“The Carsons and
Cockleburs
took over Jackson Township”
took over Jackson Township”
This is one of the variations of an old saying known to many
Clarke County natives, due to the numerous descendants of early pioneer Abraham
Carson. The original homestead
properties, two 80 acre tracts, purchased in 1855 and 1869 by Abraham are still
in the Carson family today.
Abraham Carson was born in 1813 in Pennsylvania, the middle
child of twelve. His father, Thomas
Carson, was said to have either been adopted or a runaway who took the name of
Carson. He married Anna Layton after
settling in Fayette County, Pennsylvania, and they spent the rest of their
lives there in the area of Perryopolis.
Abraham married
Elizabeth Chambers, a West Virginia native, before 1834. In 1854 they left
Pennsylvania for the rolling hills of southern Iowa, first setting in Henry
County for a few months. They then set
their sights on Clarke County, which had been formed only nine years before and
larger scale settlement started only four years before, in 1851. The original 80 acre government issued land
of their 1855 log cabin homestead is in Section 11, Jackson Township. Early settlers entered land at the office at
Chariton at a price of $1.25 an acre. Their only method of communication was the
Western Stage Company, which ran three times a week until the coming of the
railroads and its dissolution in 1870.
The Carson land was located only a few miles from the town
of Ottawa, which was founded in May, 1855, on land deeded from the Benjamin Coppock
family. When Benjamin and his brother,
Lindsey, arrived in 1854, there was only one house between their land and
Osceola. The Coppocks had also been in
Henry County before moving here, so it is possible the families made plans
together. Members of the Carson family
attended the United Brethren church at Ottawa and Methodist Episcopal churches
at Ottawa and Woodburn.
Eight of the Carson children
were born in Pennsylvania, the ninth and last, Caroline, was born in 1857 in
Clarke County. The second and third
sons, Thomas and James, served in the Civil War. Most of Abraham and Elizabeth’s children remained
in Clarke County, their grandchildren numbering fifty.
Asa, the eldest, married
Sarah Abrams (topping the number of children at twelve), Thomas married Mary Coppock (Lindsey’s daughter) and moved to
Missouri in middle age, James married
Sarah Tedrow, and after her death, Martha Chambers. Mary
married Jacob Arnett , Ellenor
married John Reese (early stagecoach line driver). Sons Ephraim
and Jobe both married daughters of
Rev.
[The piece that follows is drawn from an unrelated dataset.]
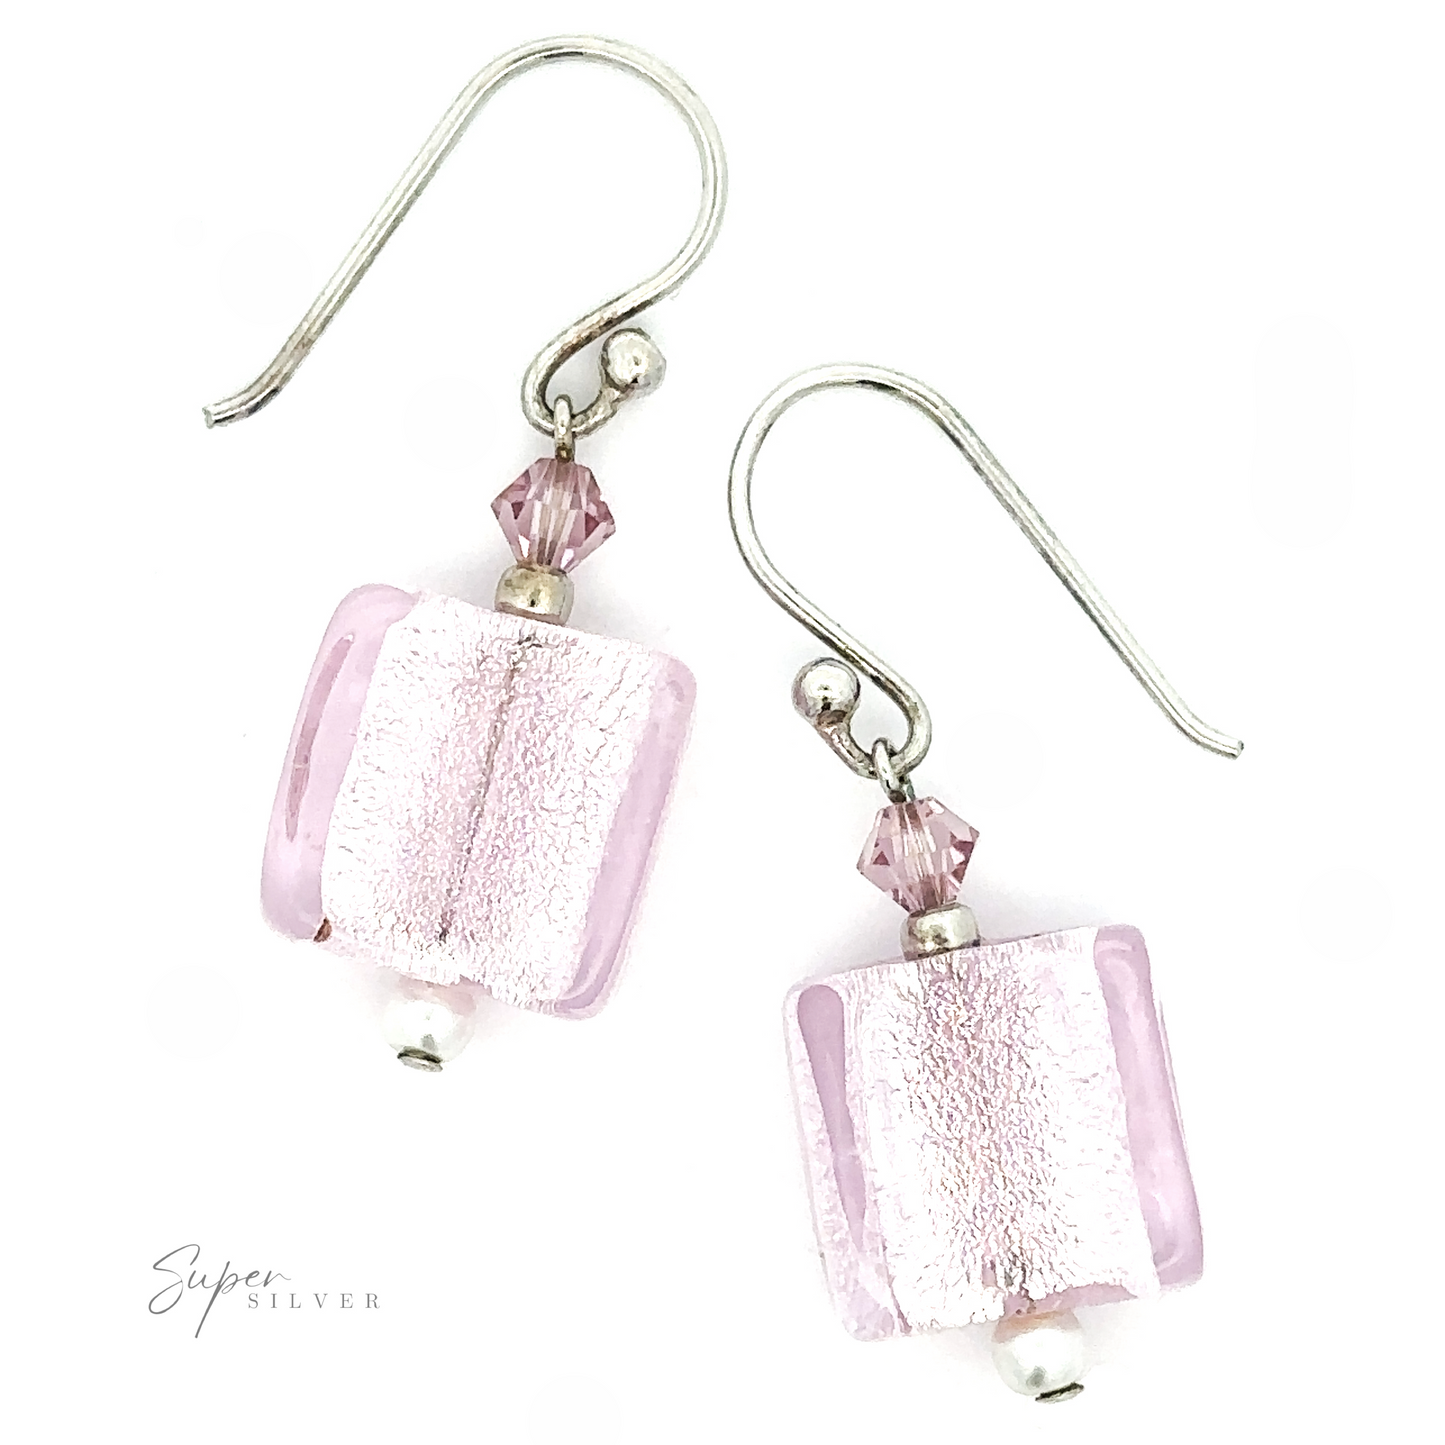 
                  
                    A pair of Beaded Resin Earrings with Small Pearls featuring square pink beads and smaller round pink beads, all crafted in .925 Sterling Silver, with a fishhook backing. The text "Super Silver" is at the bottom left.

Jacob Delay Clark, Sarah and Martha respectively. Nancy
married Daniel Johnson, and Caroline’s
spouse was Eli Crowl, they were Indiana residents.
Some of the families who married into the Carson line
were: Chambers, Heston, Weaklend, Wiley,
Powell, Waugh, Page, Porterfield, Mackey, Thornton, Penick, Phillips, Jones,
Lingle. If your family has deep Clarke
County roots, there is a good chance someone in your family has ties to
them.
Lynnette Davis
Lynnette Davis
(Sources referred to besides personal family research were genealogies
by Marjorie Carson and Clarke County histories).